History, criticism and interpretation 
The opera was first staged on 24 October and 5 November 1754 at the Palace of Fontainebleau and performed before King Louis XV of France and his court. It was quite successful and the last act duet was repeated as an encore. Its public premiere was held by the Paris Opéra at the Théâtre du Palais-Royal on 29 December 1754, when the French prologue was added.

Mondonville asked two stars of the Paris Opéra to perform his work: the prima donna Marie Fel from Bordeaux and the primo uomo Pierre Jélyotte from Béarn. Both Bordeaux and Béarn are traditionally Occitan-speaking regions, though of Gascon and Béarnais dialects, whereas Mondonville wrote in the Languedocien dialect. The third role of the pastorale, Jeanet, was assigned to another tenor of the company, , generally known as Latour, who was born in Occitania as well, possibly at Carcassonne.

The opera was composed during the Querelle des Bouffons, an argument between partisans of French and Italian music. Mondonville supported the former, and according to Théodore Lajarte, he was prompted to employ his native Languedoc dialect because he intended to consolidate his leadership of the French faction. The German-born critic Melchior Grimm, a supporter of Italian music (and therefore not an admirer of Mondonville), approved the use of the Occitan language, as it was closer to Italian and thus partly able to camouflage the insipidity of Mondonville's work.

Daphnis et Alcimadure received a favourable review in the Mercure de France and the degree of its success may be gauged by the fact that it inspired several parodies: Jérôme et Fanchonnette ou Anacréon à la Grenouillère, "pastorale poissarde" (billingsgate pastorale) by Jean-Joseph Vadé (1719–1757), which was given at the  Foire St Germain on 18 February 1755; Daphnis et Alcimadure performed in May 1756; Les Amours de Mathurine, "in two acts mêlés d'ariettes", by Jacques Lacombe (1724–1801), mounted at the Théatre Italien on 10 June 1756; and finally a work titled Alcimatendre, by Jean-François Mussot, called Arnould, (1734–1795), performed in 1773.

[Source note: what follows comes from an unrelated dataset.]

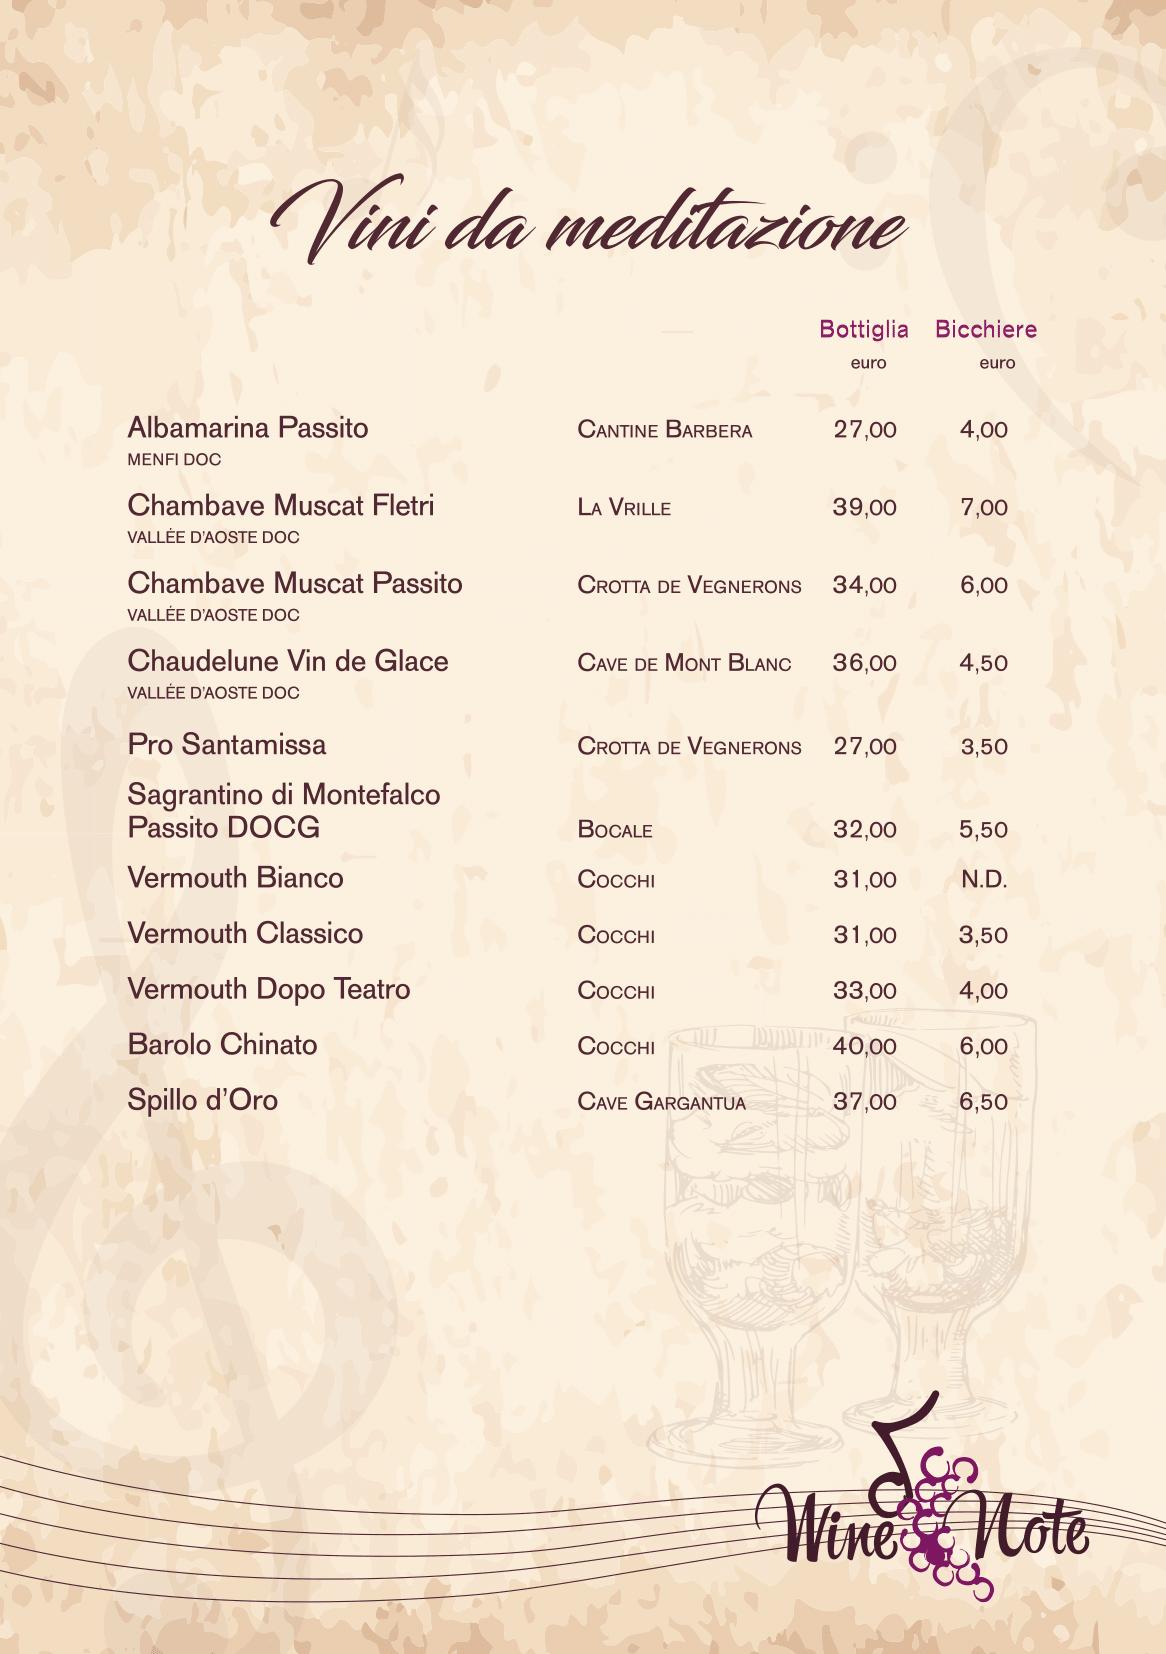 Wine note menu e vini A5-20

In 1762 the Paris Opéra considered reviving the opera, and, since all the Occitan-speaking first performers had retired from the company, Pierre Jéliotte, who was still active at Court (as was Marie Fel), was offered the considerable sum of 24,000 livres for 24 performances to be held at the Théâtre du Palais-Royal. The great tenor however was only waiting for the king's leave to retire permanently to his native region and refused the offer. The lack of native-speaking singers forced Mondonville to prepare a French translation of his opera, which, however, was not staged for the time being. On the contrary, two years later the original Occitan version was mounted again at Court, with Jéliotte and Fel singing the title roles and the newly engaged comic tenor of the Comédie-Italienne, Antoine Trial, who came from Avignon, replacing Latour as Jeanet. The French version had to wait until 1768 to be staged, but did not earn much applause. It was however revived again on 17 March 1773, "but it had lost its novelty, and it had to be dropped from the repertory after its 12th representation in French at the Opéra", thus following the fate awaiting shortly the generality of old pre-Gluckian repertoire.

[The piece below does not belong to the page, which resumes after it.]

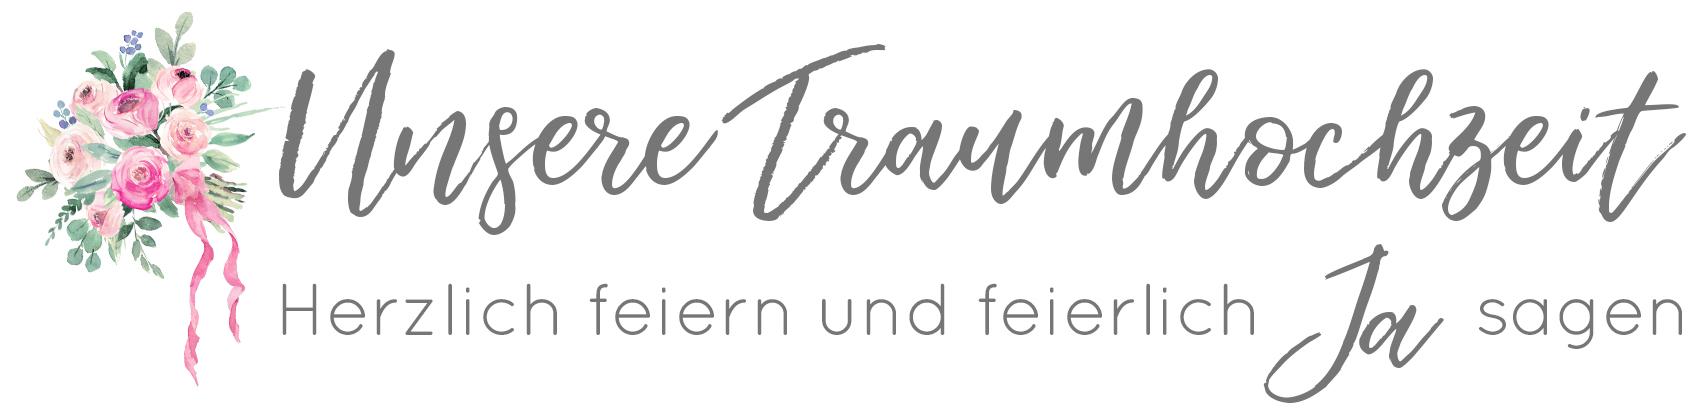 Logo- Unsere-Traumhochzeit

Dialect versions were performed on several occasions in the south of France, where the Occitan language was still widely used: at Montpellier and Toulouse performances of the opera, now styled a "pastouralo toulouzeno", were respectively held again in 1778 (with a text "adjusted to our patois of Montpellier"), and in 1786 and 1789 (both times at the Capitole de Toulouse).

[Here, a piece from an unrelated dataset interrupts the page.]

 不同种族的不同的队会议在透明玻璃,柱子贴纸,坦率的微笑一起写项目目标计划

Mondonville's Occitan opera was again performed (with decors by Jean Hugo) in Montpellier in 1981 and recorded. It was later produced in 1994–1996 by the Festival Déodat de Séverac at Montauban and Saint Félix Lauragais. In 1999 some extracts were included in a CD reconding entitled Musiques aux États du Languedoc.

Roles

Synopsis

Prologue
The prologue, in French, invokes Clémence Isaure (the allegorical patroness of Occitan) as well as the Jeux Floraux as a way of evoking the idealised history of the Occitan language. After the prologue, the opera is wholly in Occitan.

Act 1
Daphnis is a young shepherd in love with Alcimadure, but Alcimadure rejects him because she does not believe he is sincere. Jeanet, Alcimadure's brother, claims he can prove that Daphnis' love is true.

Act 2
Jeanet disguises himself as a soldier and comes to find Daphnis. He boasts of his bravery in many battles and says he intends to marry Alcimadure as soon as he has killed a certain shepherd called Daphnis. Daphnis, far from being daunted, declares his love for the shepherdess. Just then, a scream is heard from Alcimadure. She is being chased by a wolf.  Daphnis rushes to the rescue, kills the wolf and saves Alcimadure. Although she is grateful, Alcimadure still rejects his love.

Act 3
Jeanet tries in vain to reason with Alcimadure. Daphnis, in despair, says he wants to die. When Jeanet tells his sister of Daphnis' death, she too says she no longer wants to live. She has secretly been in love with Daphnis. However, Daphnis' supposed death was just a ruse. He is still alive and the couple are now free to love one another.

References
Notes

Bibliography
 Librettos:
 (original libretto, in French and Languedocien) Daphnis et Alcimadure, Pastorale languedocienne, Représentée devant le Roi à Fontainebleau, le 29 Octobre 1754, Paris, Ballard, s.d. (accessible for free online at *Gallica.bnf.fr)
 (1764 Court libretto, in French and Languedocien) Daphnis et Alcimadure, Pastorale languedocienne, Représentée devant leurs Majestés à Versailles, le 12 Décembre 1764, Paris, Ballard, 1764 (accessible for free online at Gallica.bnf.fr)
 (in French and in Toulouse dialect "adjusted to our patois of Montpellier") Daphnis et Alcimaduro: pastouralo toulouzeno, Paris, Didot, 1778 (accessible for free online as a Google ebook–gratis)
 (in Occitan classical norm) Joan Josèp Cassanea de Mondovila e Micolau Fizes, Dafnís e Alcimadura, seguit de l'Operà de Frontinhan (critical edition by Jean Larzac), Montpellier, IEO, 1981.
 « Daphnis et Alcimadure » Opéra occitan et création régionale 26 Juin et 3 Juillet, "Montpellier votre ville", No. 36, June–July 1981, p. 13 (accessible for free online at the site of the commune of Montpellier, montpellier.fr).
 Extraits de Daphnis & Alcimadure, a coeval review in Mercure de France, Dédié au Roi, December 1754, Volume 1, Paris, Chaubert/Nully/Pissot/Duchesne, 1754, pp. 203 et seq. (accessible for free online at Books.google)
 Théodore Lajarte, Bibliothèque Musicale du  Théatre de l'Opéra. Catalogue Historique, Chronologique, Anecdotique, Tome 1, Paris, Librairie des bibliophiles, 1878, pp. 231–232 (accessible online in Internet Archive)
 Spire Pitou, The Paris Opéra. An Encyclopedia of Operas, Ballets, Composers, and Performers – Rococo and Romantic, 1715-1815, Westport/London, Greenwood Press, 1985.

External links 
 Page: Daphnis et Alcimadure, site: "Le magazine de l'opéra baroque"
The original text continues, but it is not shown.